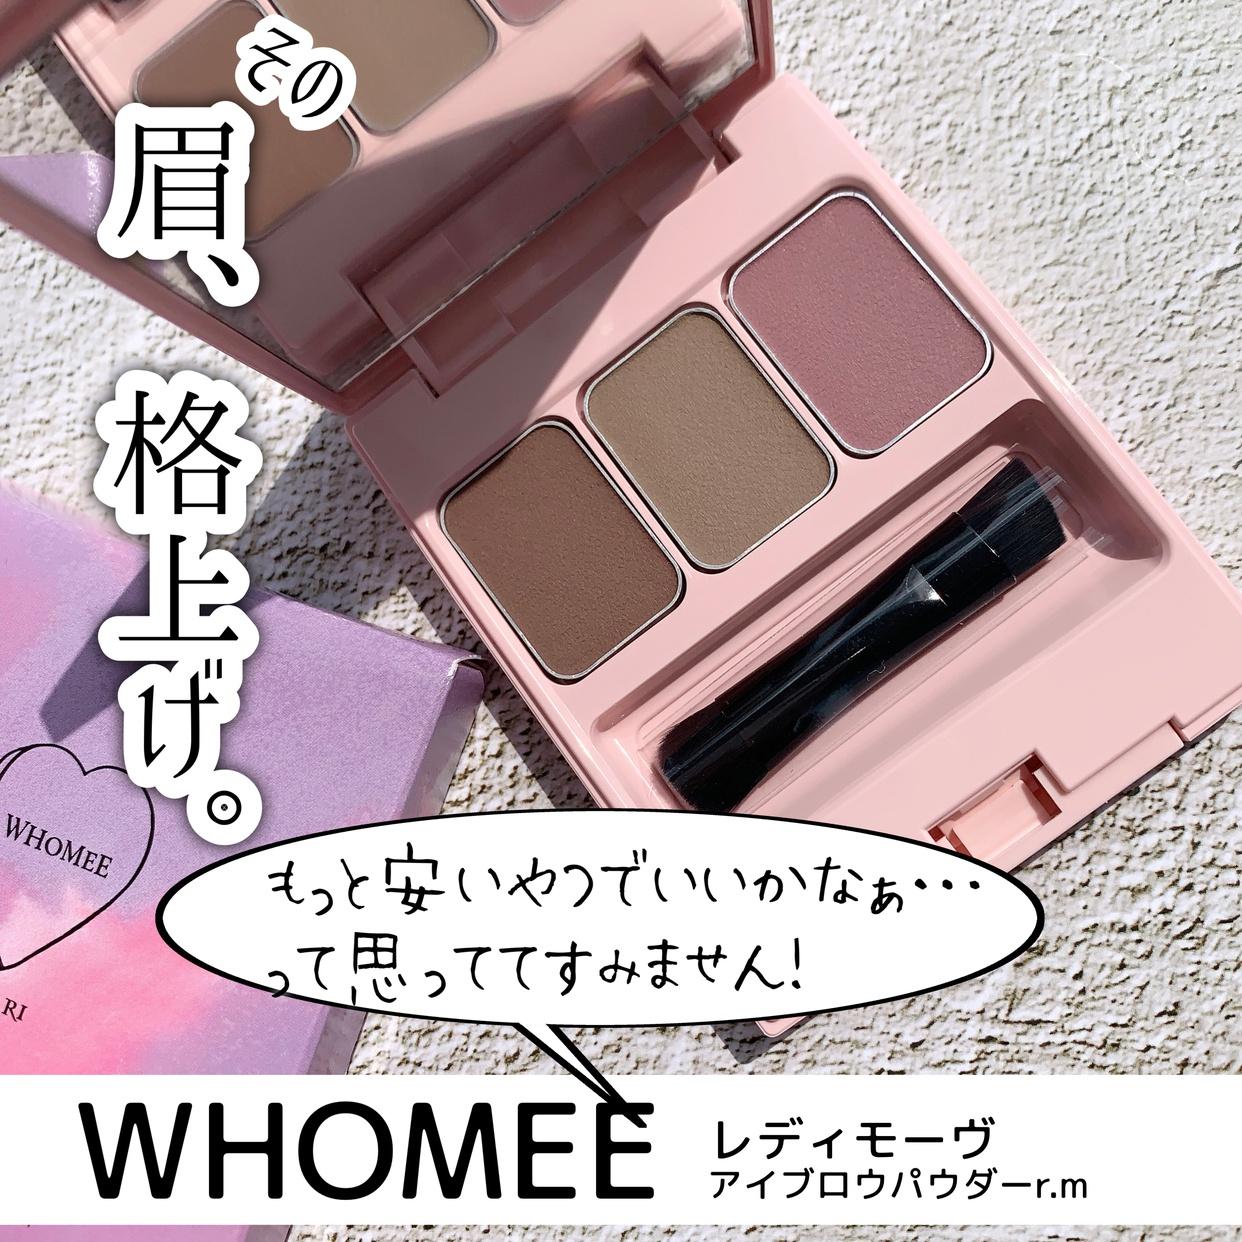 WHOMEE(フーミー) アイブロウパウダーを使ったマト子さんのクチコミ画像
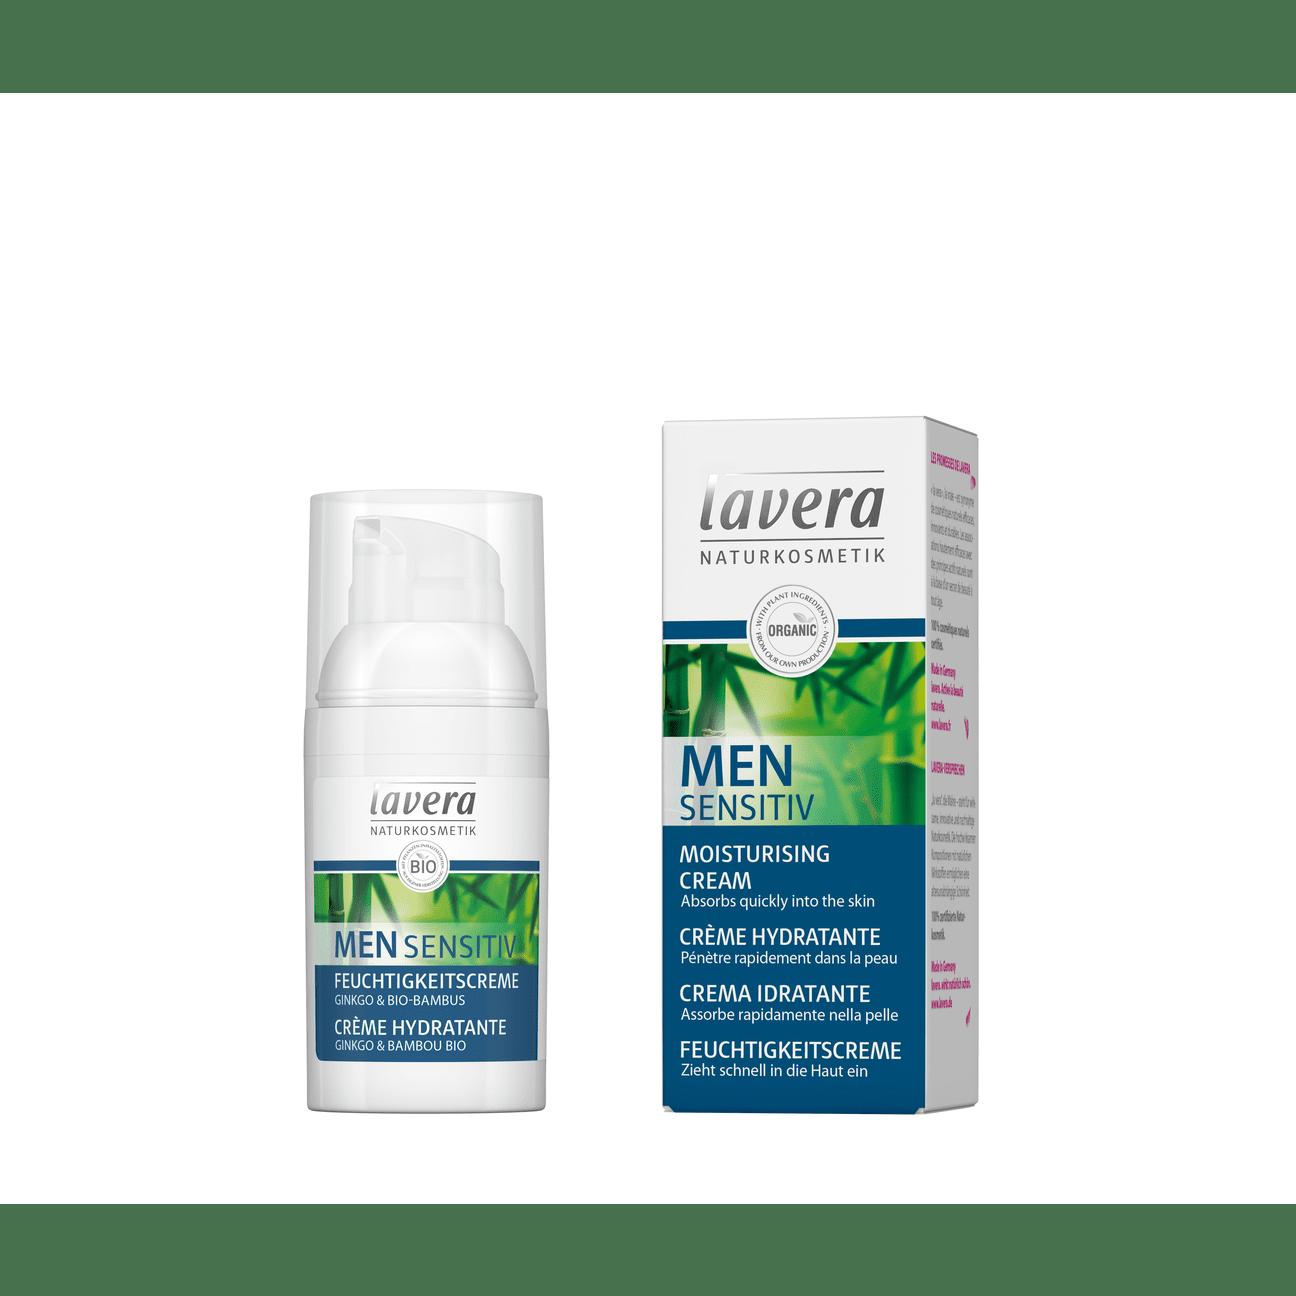 Lavera Men Sensitive Moisturising Face Cream 30ml
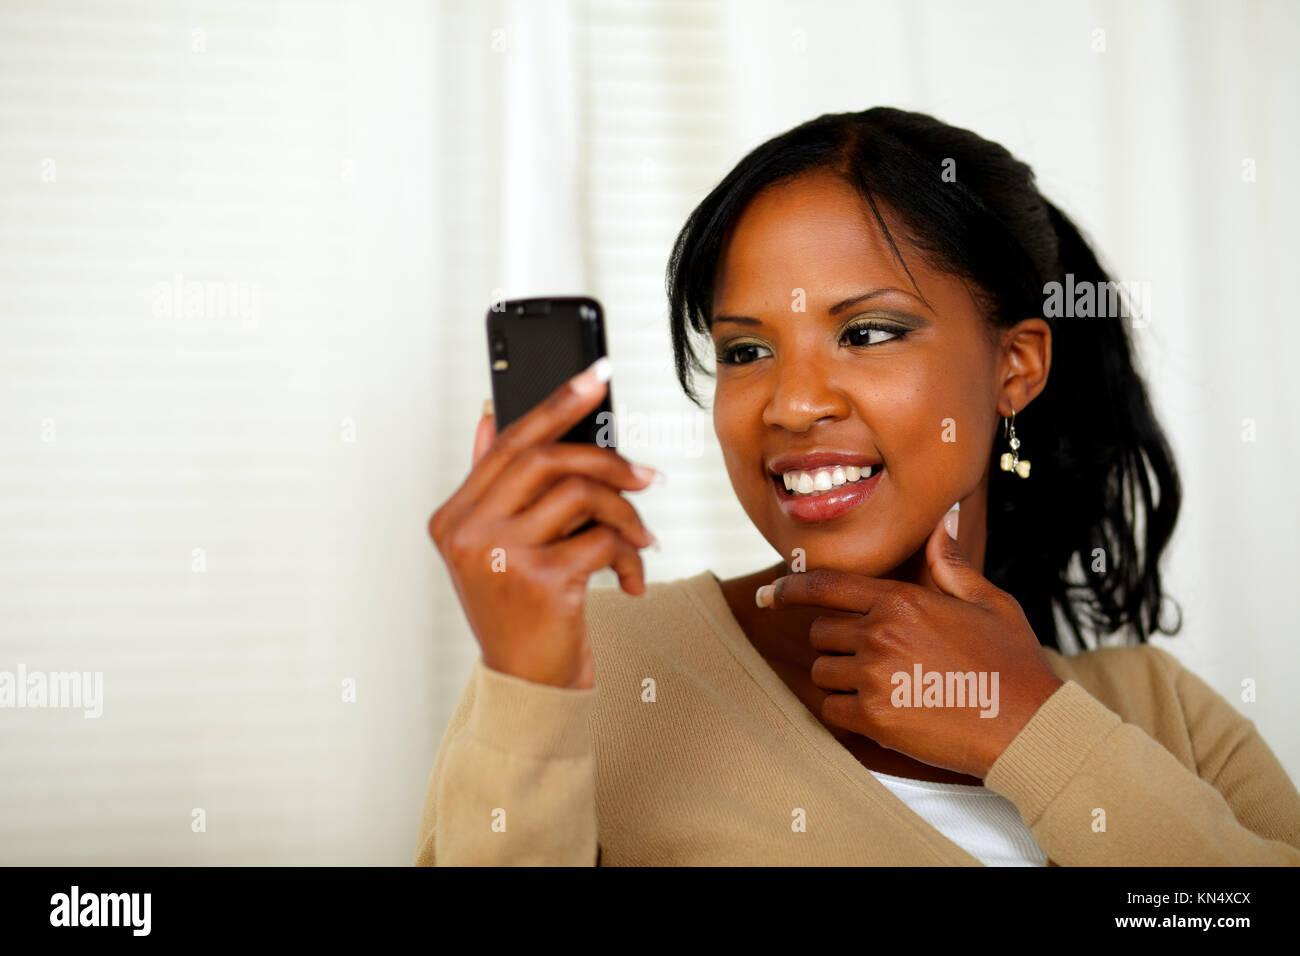 Portrait d'une femme lisant un message sur téléphone cellulaire. Photo Stock
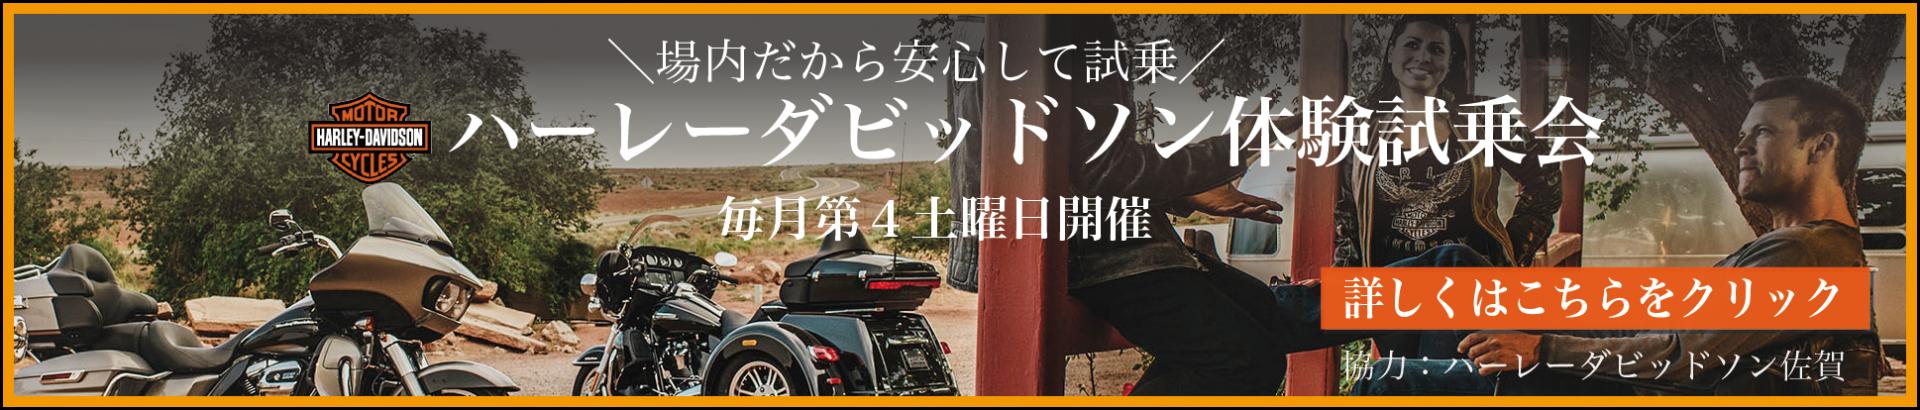 ハーレーダビットソン体験試乗会バナー

**HOW TO COMPLETE THIS TASK**
Copy the line showing "Lavera Men Sensitive" exactly, along with each line after it through the end of the material above. Pictures stay out.

**RESPONSE**
 Lavera Men Sensitive Moisturising Face Cream 30ml
 Portrait d'une femme lisant un message sur téléphone cellulaire. Photo Stock
 ハーレーダビットソン体験試乗会バナー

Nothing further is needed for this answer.